[WHAT IS BEING ASKED] A word-for-word copy is required of the line containing "Black acrylic squared" and of each line after it in the material below, through the last one.

[DATA BELOW]
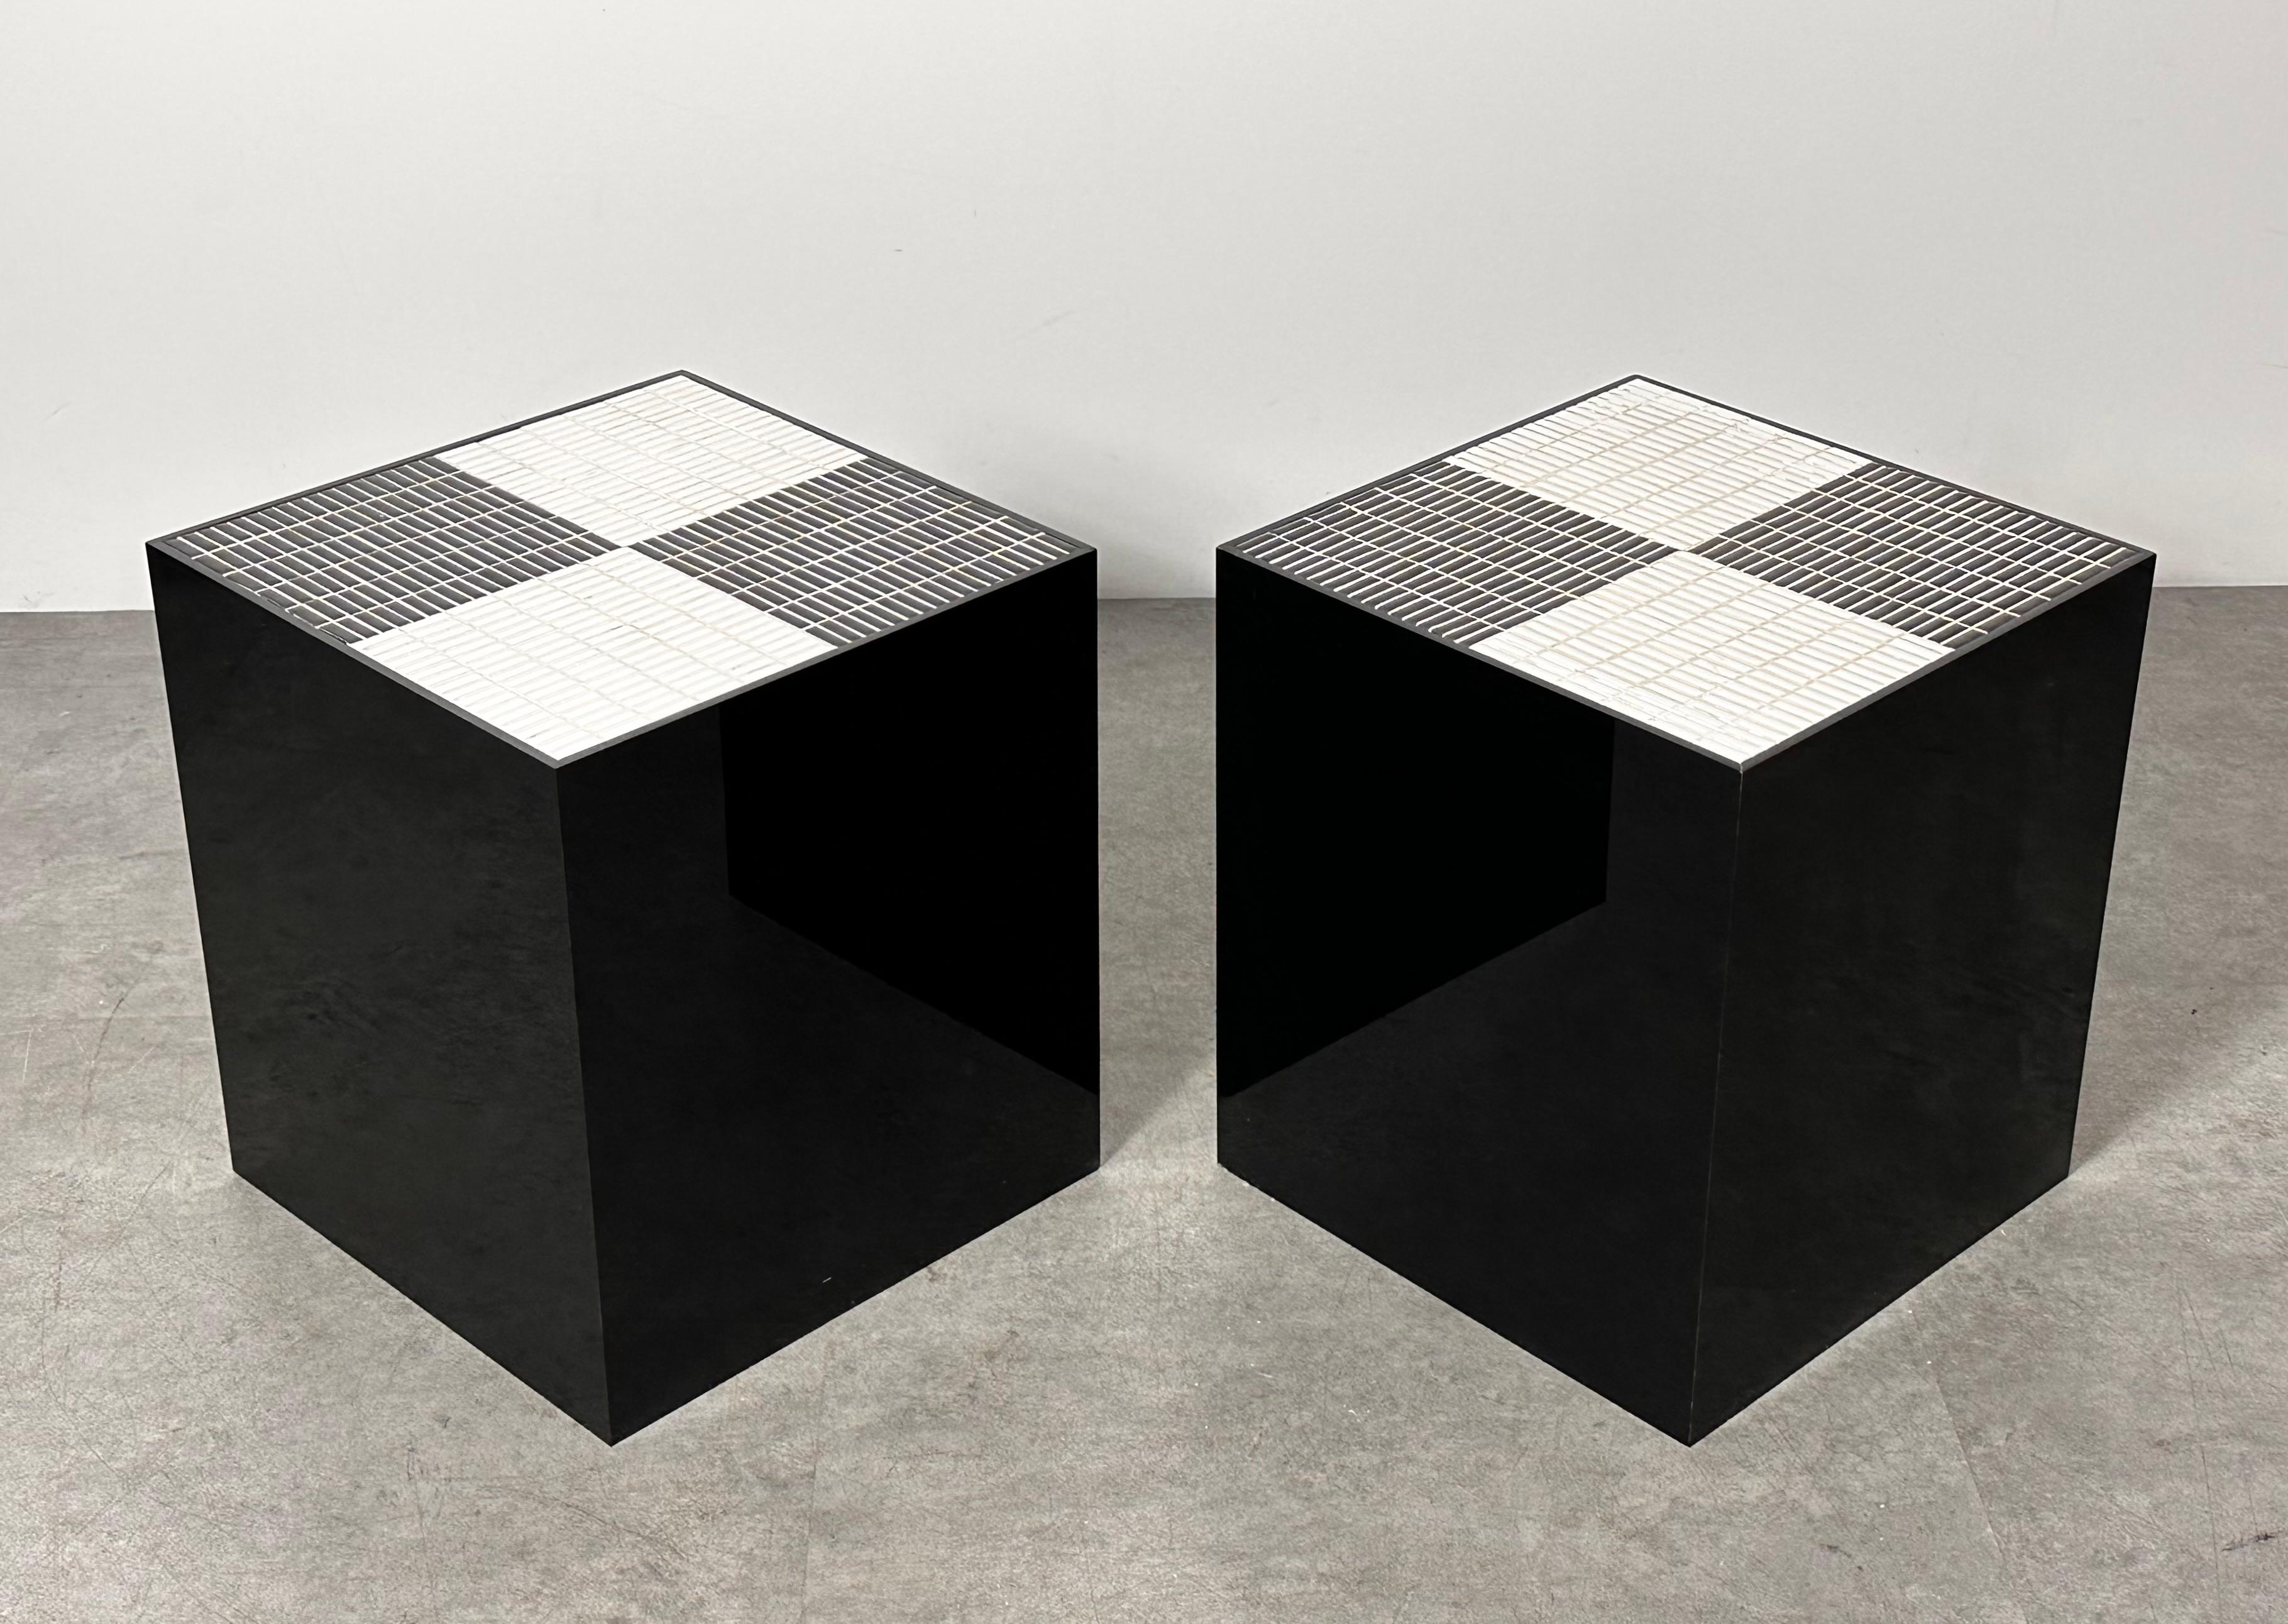 One of a kind of artist made mosaic tile top cube pedestal tables circa 1970s

Black acrylic squared bases with inset black and white checker pattern tile surfaces
Made by and from the estate of Detroit artist Deanna Bardy

Both sculptural and

[ANSWER BOX]
Black acrylic squared bases with inset black and white checker pattern tile surfaces
Made by and from the estate of Detroit artist Deanna Bardy

Both sculptural and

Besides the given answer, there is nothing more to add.